PROBLEM DETAILS. Copy every record exactly, and keep the pictures out.

DATA IN THIS EXERCISE.
--------------------------------

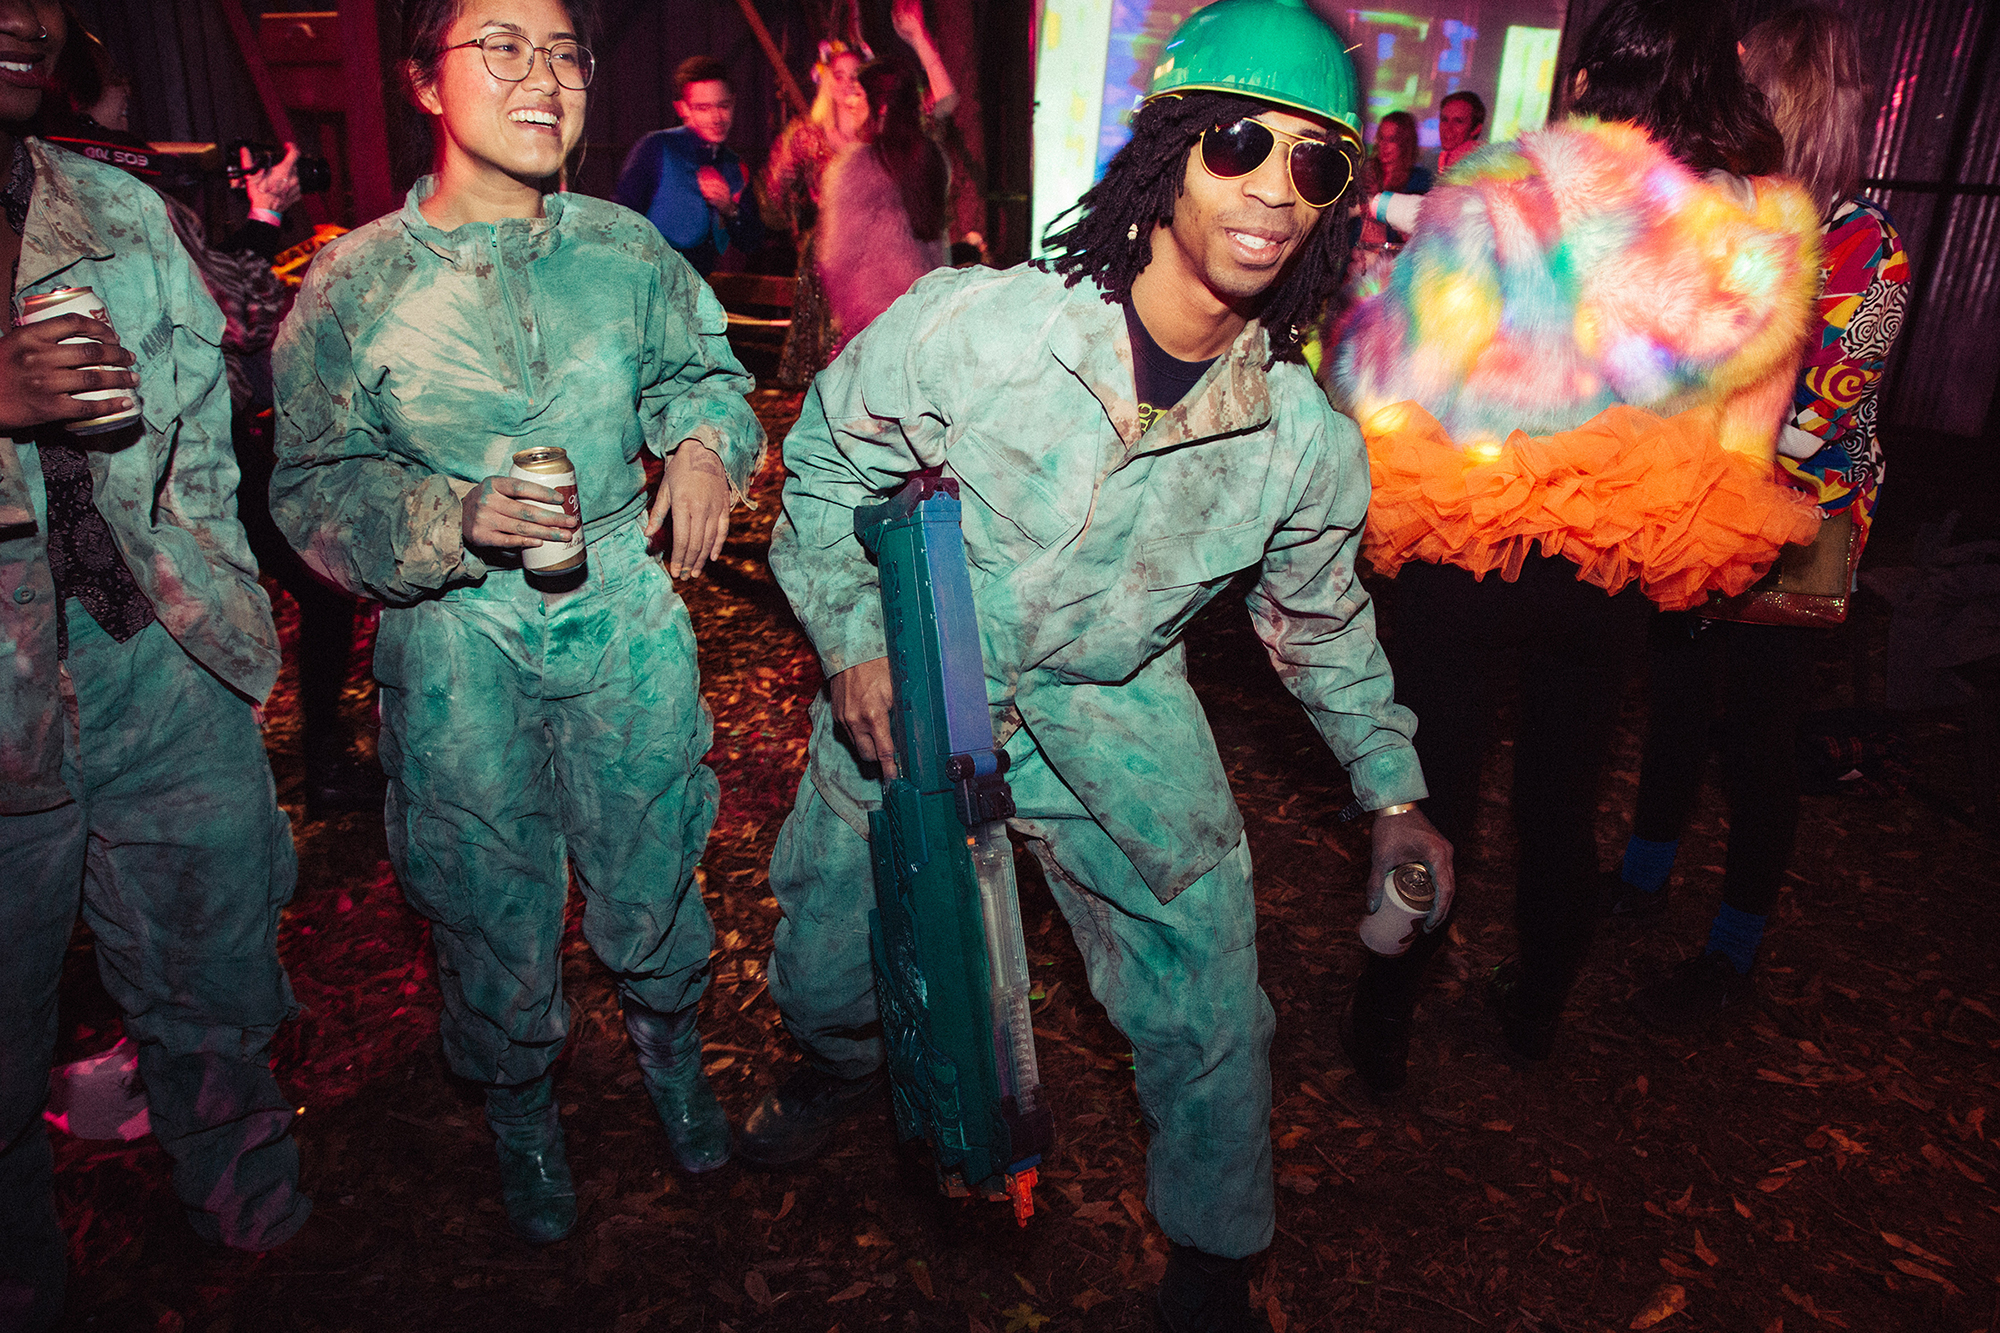 Inside a Vaporwave Carnival Ball in New Orleans
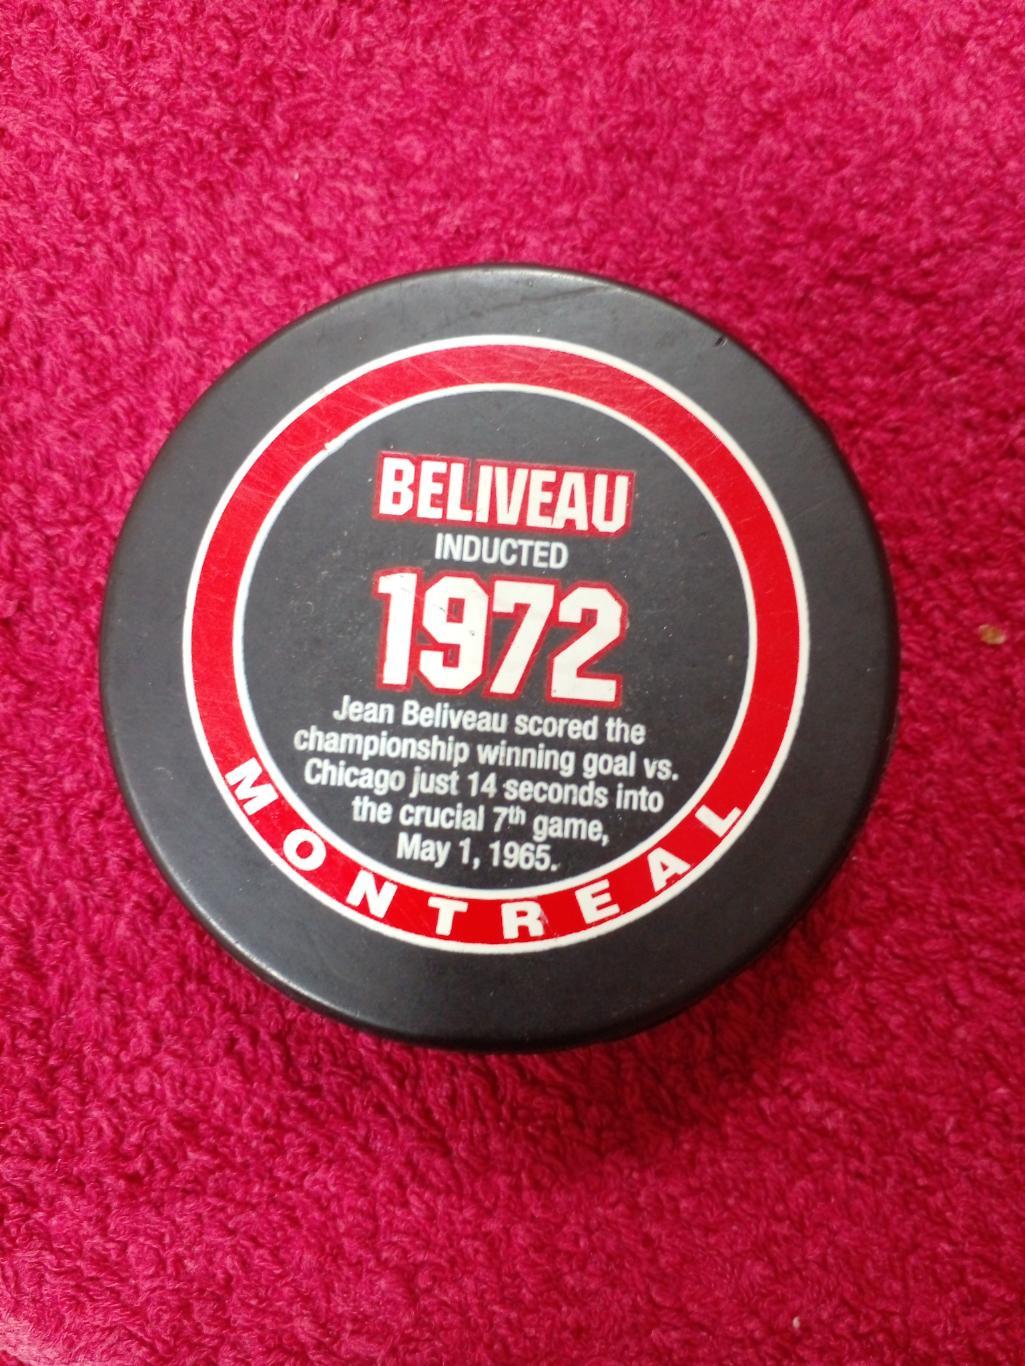 Шайба хоккейная раритетная JEAN BELIVEAU 1972 made in Canada
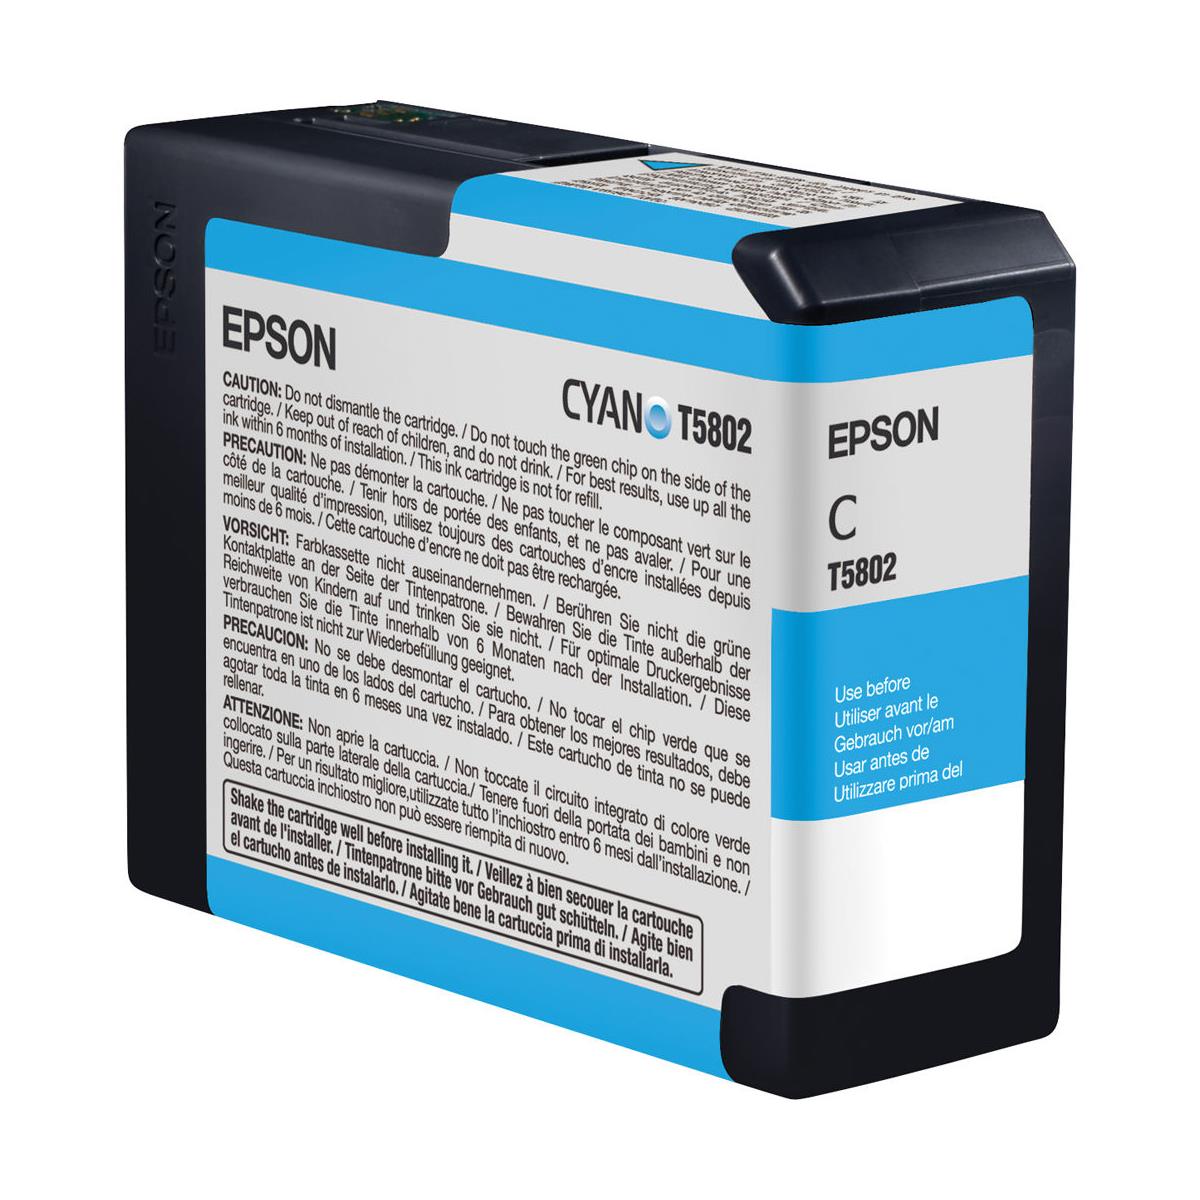 

Epson T580200 80ml Stylus Pro 3800 Cartridge, Cyan
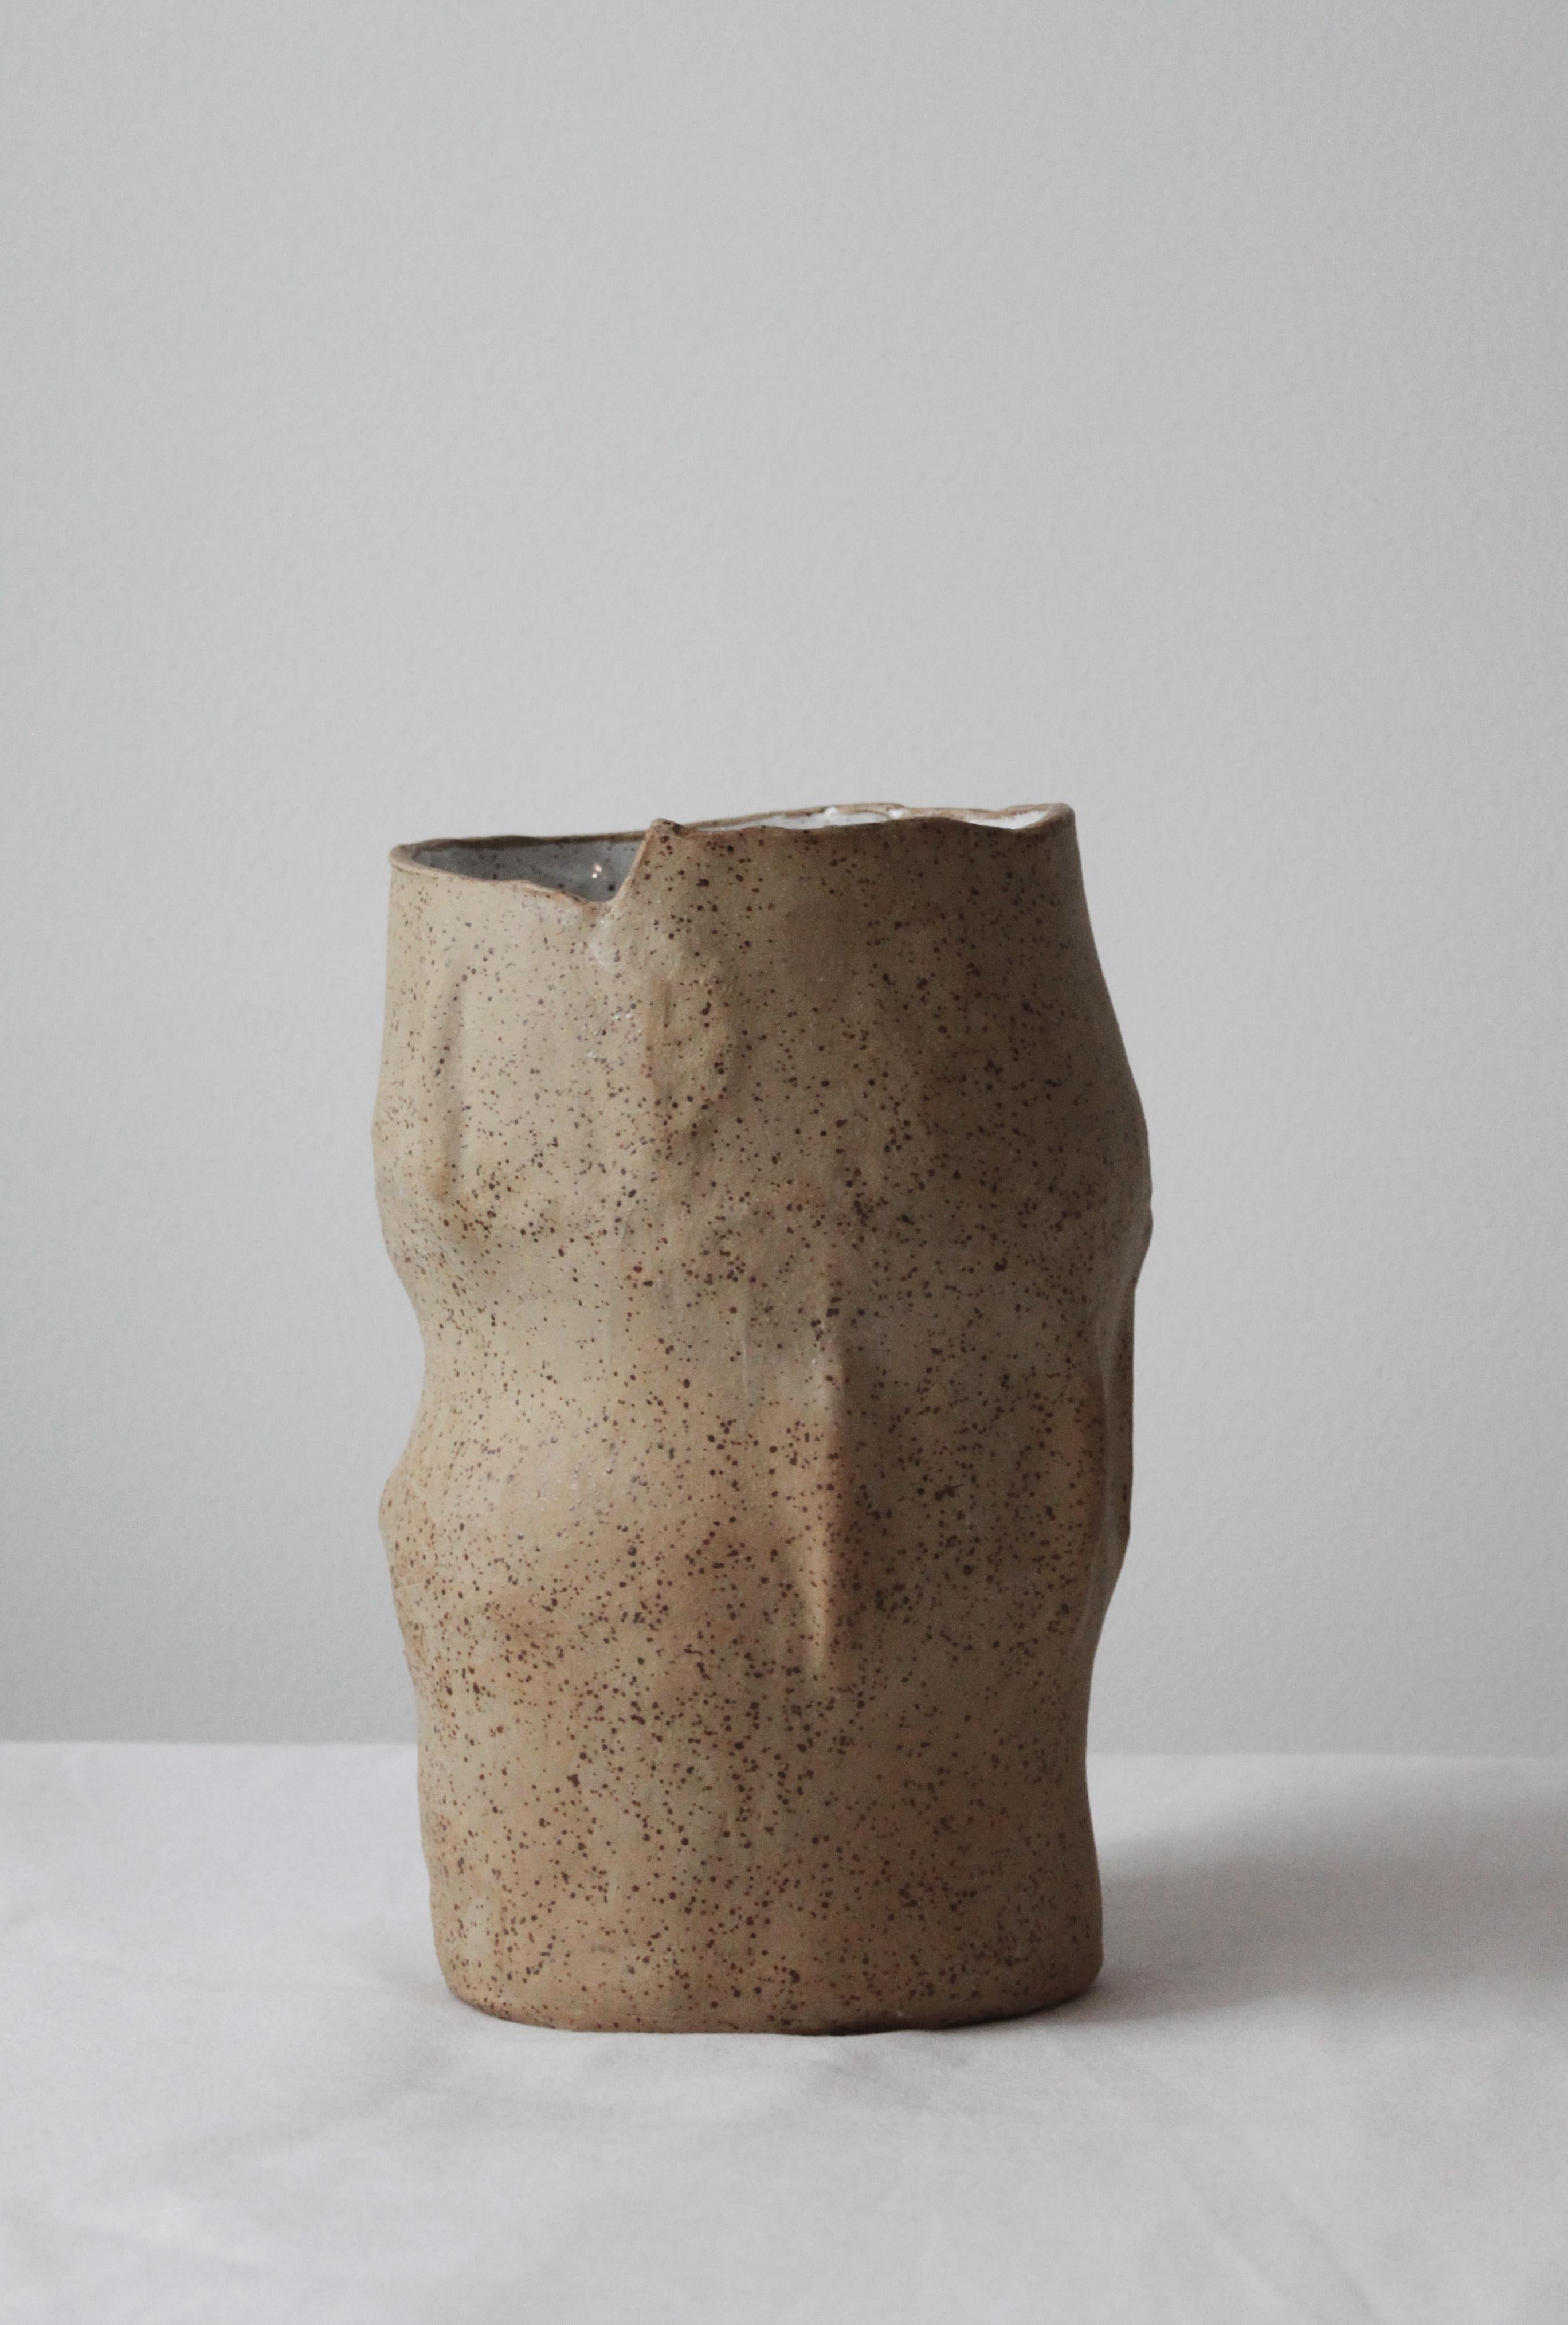 Amorphia vase by lava Studio ceramics.
Unique, 2020
Materials: Glazed stoneware
Dimensions: H 26 cm x D 16-15-17 cm

Lava ceramics is a collective studio based in Athens.

--------------------------------

WRITTEN SOLUTION.
 Inside a Vaporwave Carnival Ball in New Orleans
 Шайба хоккейная раритетная JEAN BELIVEAU 1972 made in Canada

Epson T580200 80ml Stylus Pro 3800 Cartridge, Cyan
 Amorphia vase by lava Studio ceramics.
Unique, 2020
Materials: Glazed stoneware
Dimensions: H 26 cm x D 16-15-17 cm

Lava ceramics is a collective studio based in Athens.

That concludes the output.